- _Input data_:
((

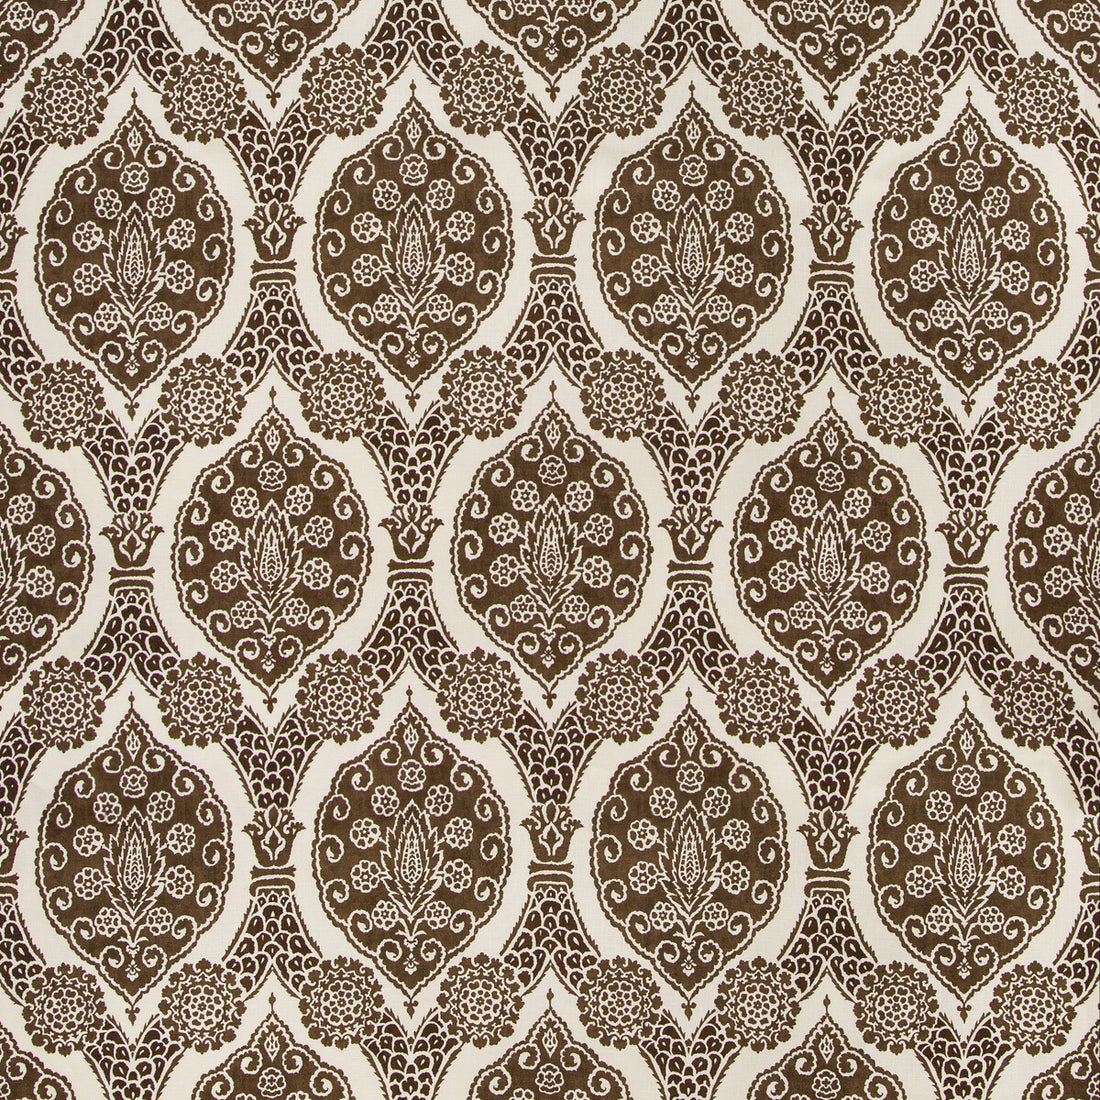 Sufera Print fabric in chocolate color - pattern 8020103.6.0 - by Brunschwig &amp; Fils in the Grand Bazaar collection
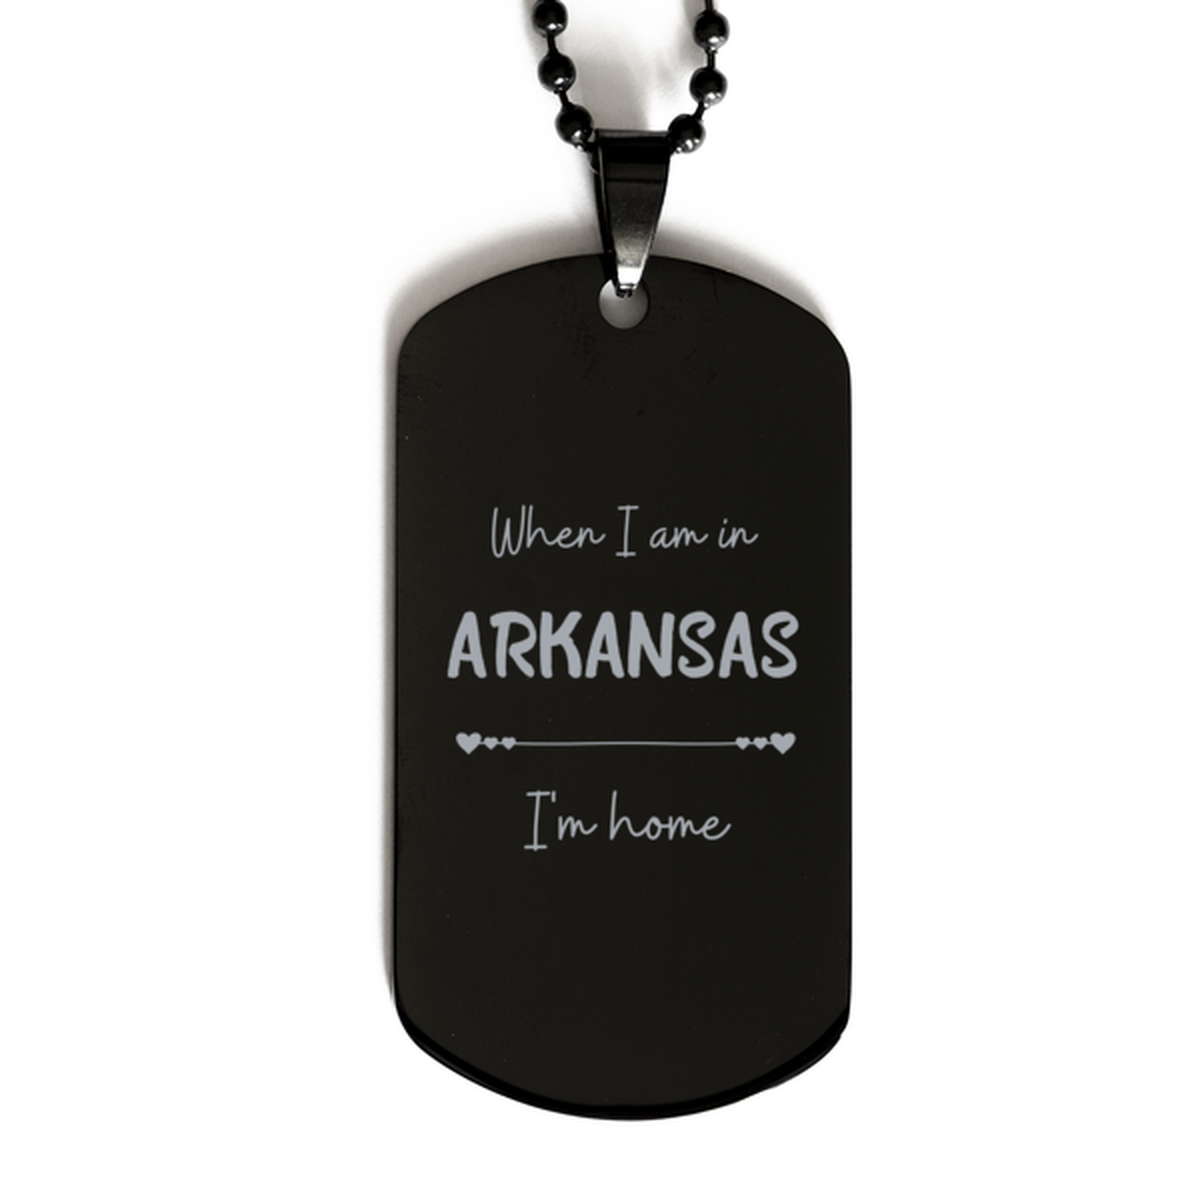 When I am in Arkansas I'm home Black Dog Tag, Cheap Gifts For Arkansas, State Arkansas Birthday Gifts for Friends Coworker
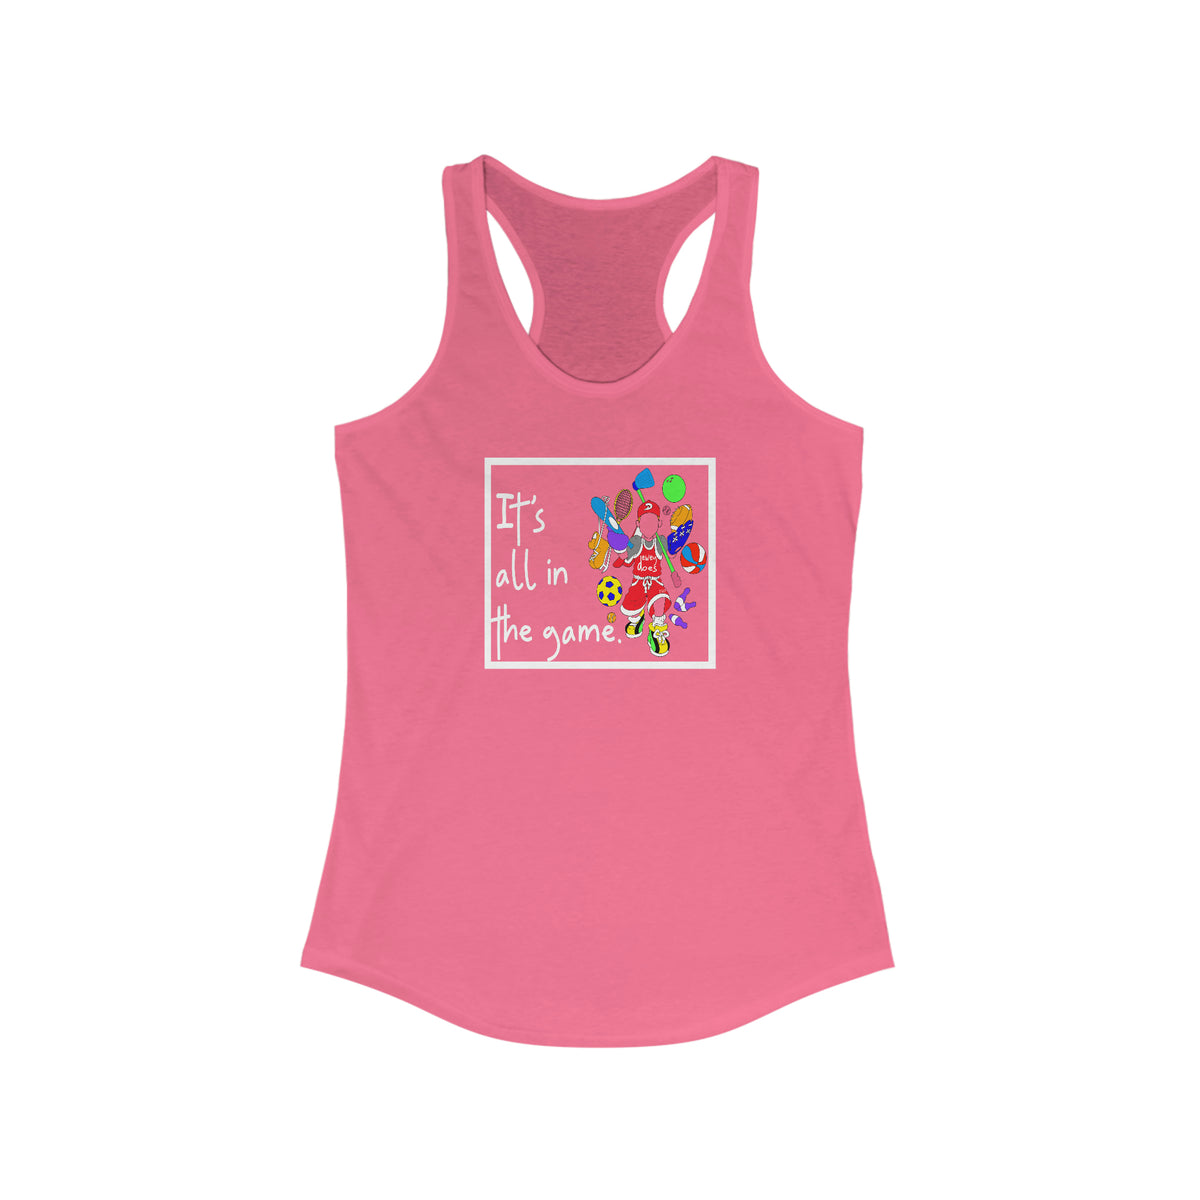 it's all in the game - women's ideal racerback tank

))

- _Assignment_: Where the data contains an image, skip the image and copy everything else exactly as it appears.

- _Result of the task_:
 Sufera Print fabric in chocolate color - pattern 8020103.6.0 - by Brunschwig &amp; Fils in the Grand Bazaar collection
 When I am in Arkansas I'm home Black Dog Tag, Cheap Gifts For Arkansas, State Arkansas Birthday Gifts for Friends Coworker
 it's all in the game - women's ideal racerback tank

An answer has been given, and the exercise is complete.